Die EU-Staaten haben sich am Wochenende auf einen Kompromiss zur Urheberrechtsreform geeinigt. Zuletzt hatte es noch Unstimmigkeiten zwischen Frankreich und Deutschland gegeben. Beim umstrittenen Artikel 13, der Uploadfilter für Plattformen wie Youtube vorsieht, wollte Deutschland Startups und Kleinunternehmen von der Pflicht ausnehmen, hochgeladene Inhalte auf Urheberrechtsverletzungen zu untersuchen.
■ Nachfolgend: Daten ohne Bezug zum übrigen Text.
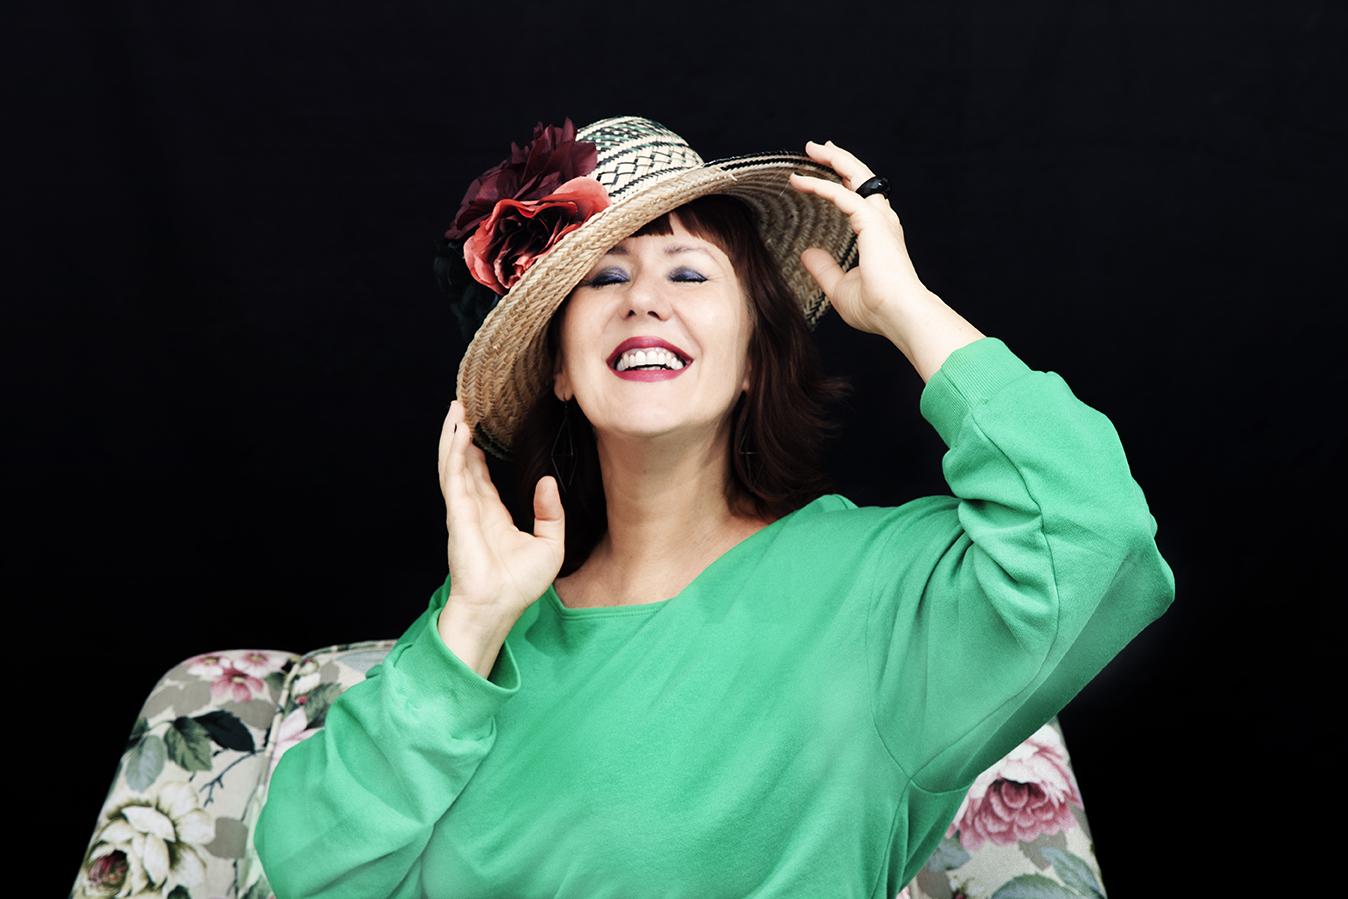 Tita Beaufrand
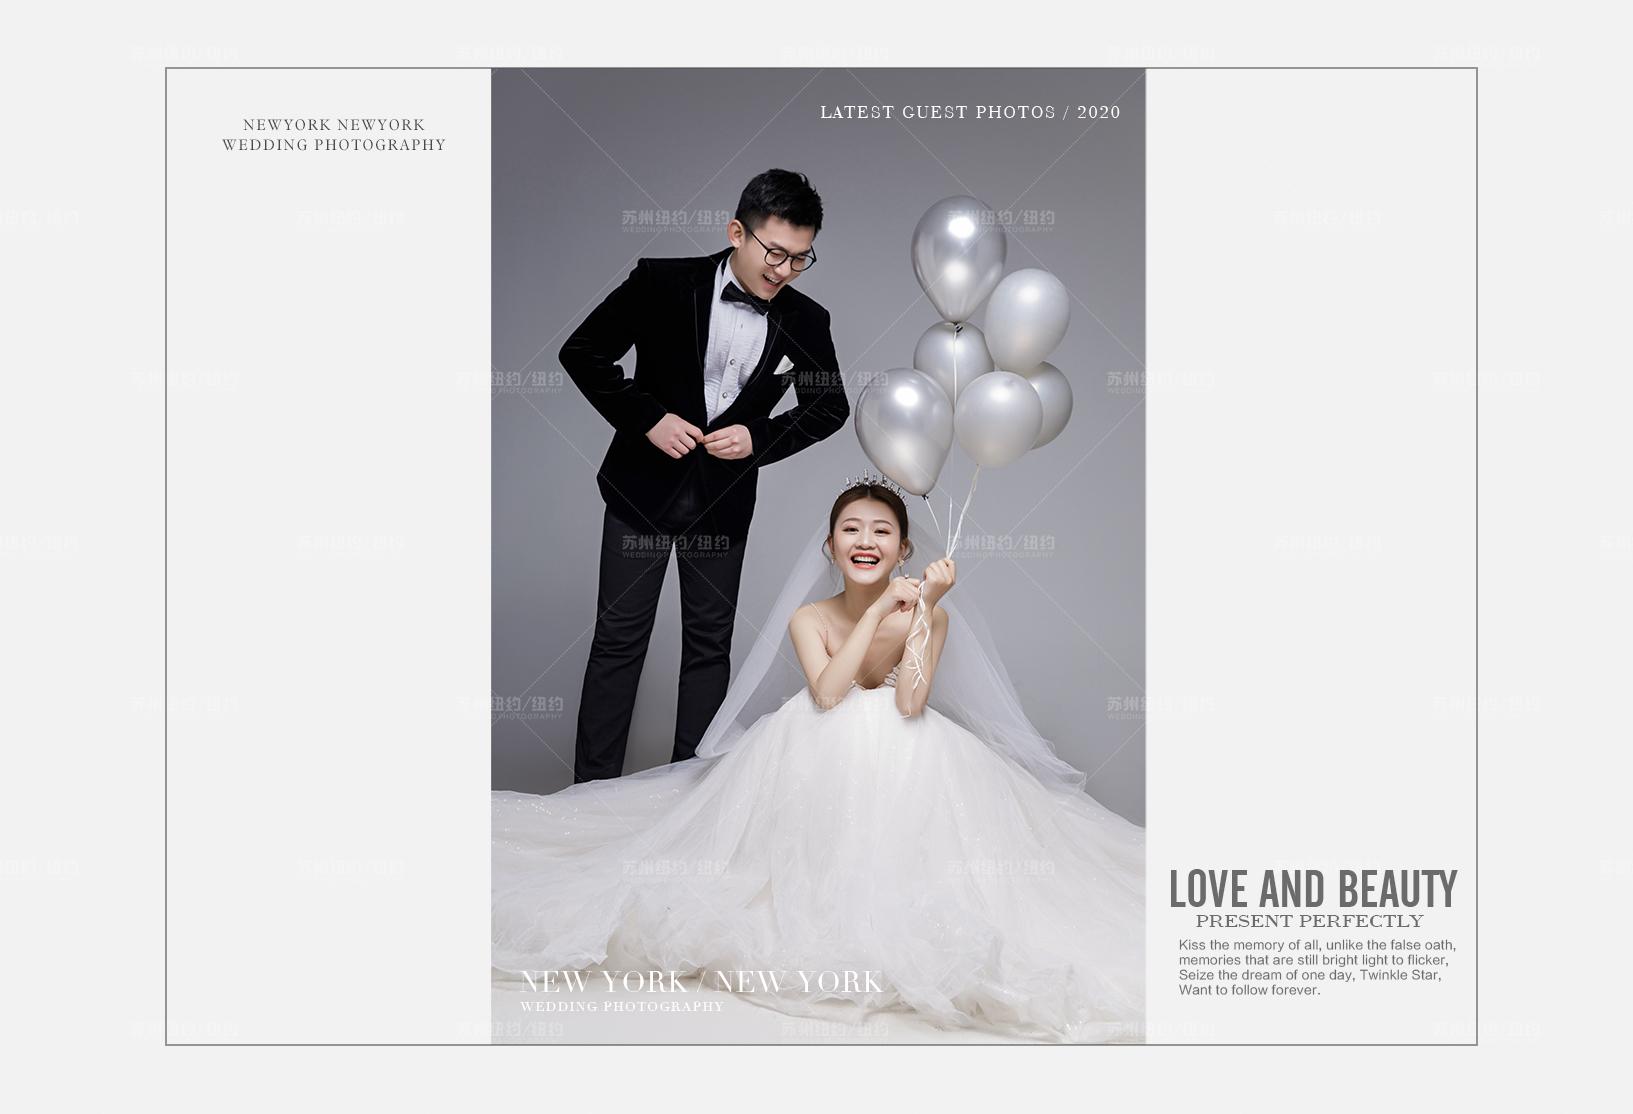 Mr.金 & Ms.桂(纽约纽约最新客照)婚纱摄影照

Frankreich lehnte dies ab. Der Kompromiss sieht nun Ausnahmen nur dann vor, wenn Unternehmen jünger als drei Jahre sind, weniger als zehn Millionen Euro Umsatz im Monat machen und weniger als fünf Millionen Nutzer haben. Anfang der Woche sollen nun Verhandlungen mit dem Europaparlament und der EU-Kommission beginnen. spiegel.de und zeit.de

Womöglich doch kein Amazon-Headquarter in New York?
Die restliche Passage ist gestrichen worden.